Republican committee members were chagrined to hear the subtext of SB 1122 uttered aloud. “You are the reason I’m vacillating on whether or not to even vote yes, because it would look like I endorse your hatred,” Sen. Jennifer Bradley of Fleming Island told the grumpy old men. “And I do not.”

Of course, neither Bradley nor the other committee Republicans were chagrined enough to vote against the bill. All voted for it, and the living descendants of slaves discovered that they were less important to the Republican majority than long-dead defenders of slavery. The three Democratic committee members walked out before the vote, leaving Republicans with a five-to-zip majority and more irony than a preachers’ convention in Vegas.

They voted to “preserve history.” The week before, this same Republican majority murdered historic preservation. They approved a shocking bill that would allow the demolition of hundreds of historically significant buildings along the coast. If the structures fail to meet modern construction standards — a sure bet — developers could defile Florida historic districts with shiny new condominiums. Local governments would have no say in the matter.

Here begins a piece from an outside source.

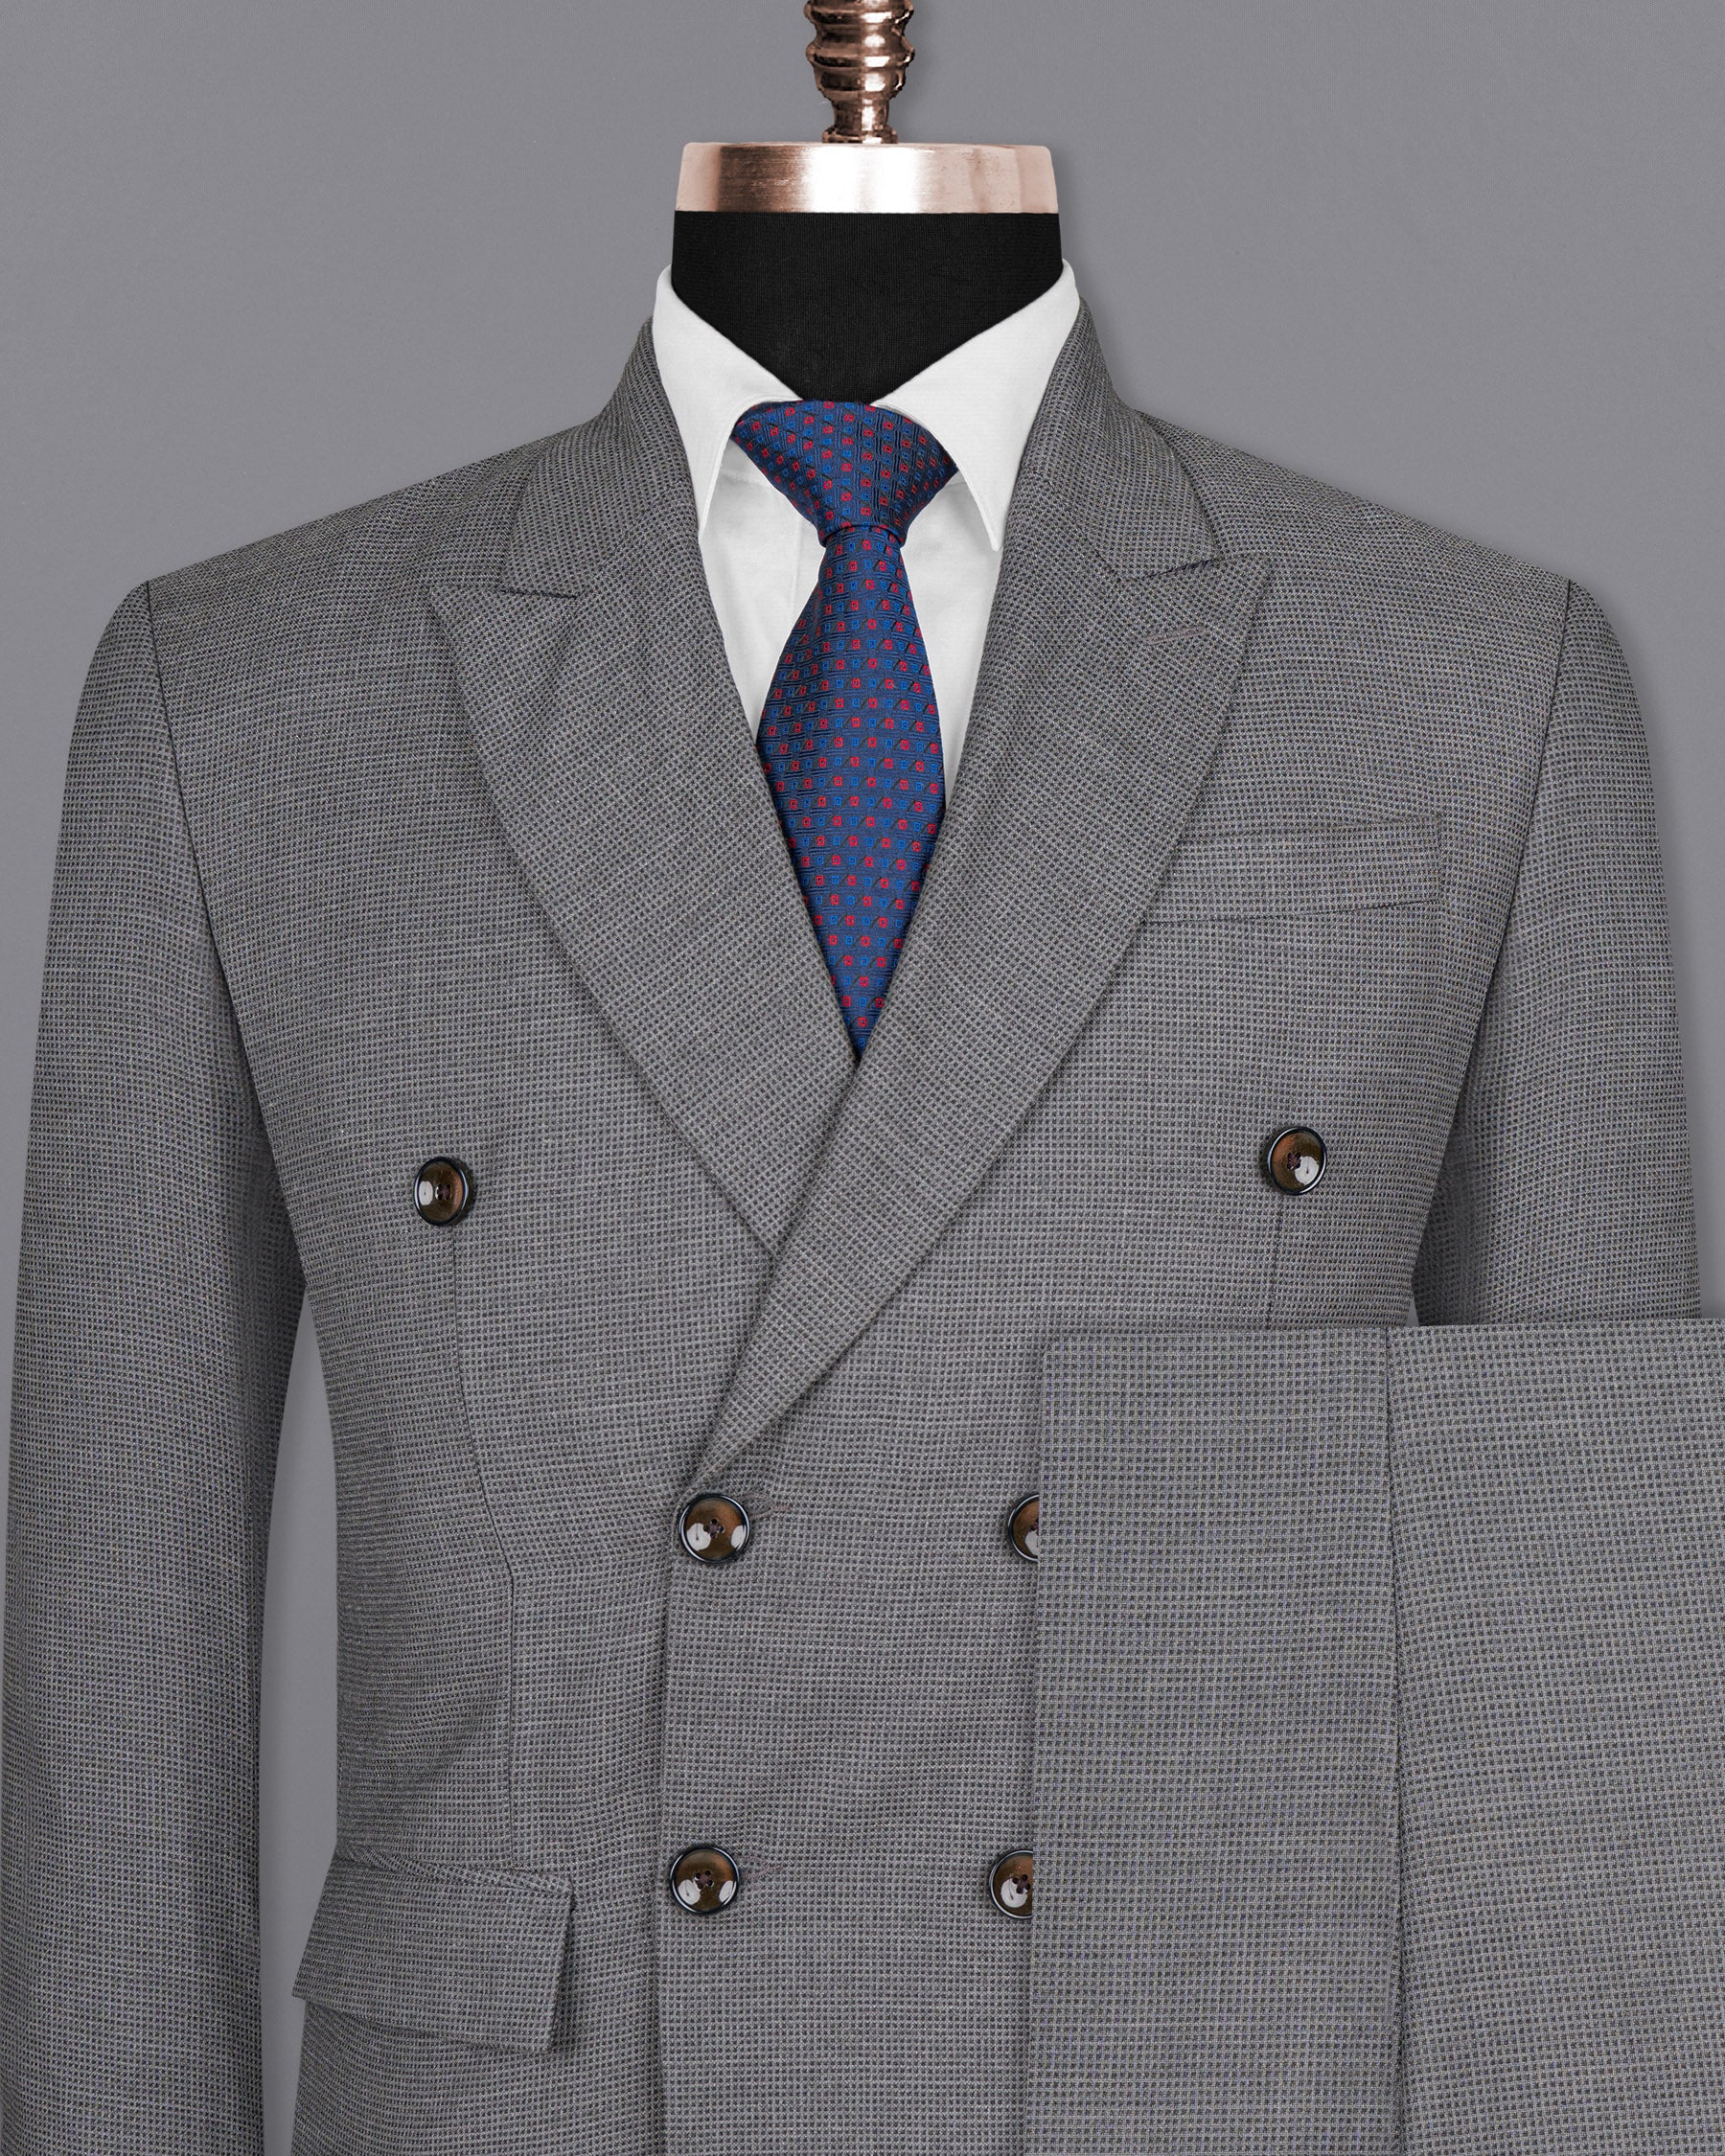 Boulder Grey Double Breasted Woolrich suit ST1579-DB-36, ST1579-DB-38, ST1579-DB-40, ST1579-DB-42, ST1579-DB-44, ST1579-DB-46, ST1579-DB-48, ST1579-DB-50, ST1579-DB-52, ST1579-DB-54, ST1579-DB-56, ST1579-DB-58, ST1579-DB-60

The same bunch who voted to save historic monuments honoring confederate traitors didn’t give a damn about saving historic structures in Key West, St. Augustine and Miami Beach.

Speaking of history, the Republican legislative supermajority mandated a rewrite of history textbooks to include the supposed benefits of slavery. Seems like history might not be their best subject.

Perversely, SB 1122’s chances for passage were damaged by the bill’s most fervent supporters. The ugly white supremacist language coming from the two aging neo-confederates appalled Senate President Kathleen Passidomo. She called their performance, “abhorrent behavior.”

Though the monuments bill has been approved by two senate committees, the disgusted Passidomo suggested that she might keep the bill from getting a floor vote. The racist rants of the old reprobates might save Florida from another idiot skirmish in the war on woke.

The hearing on SB 1122 made it clear that Florida needs more than 160 years to vanquish its confederate legacy.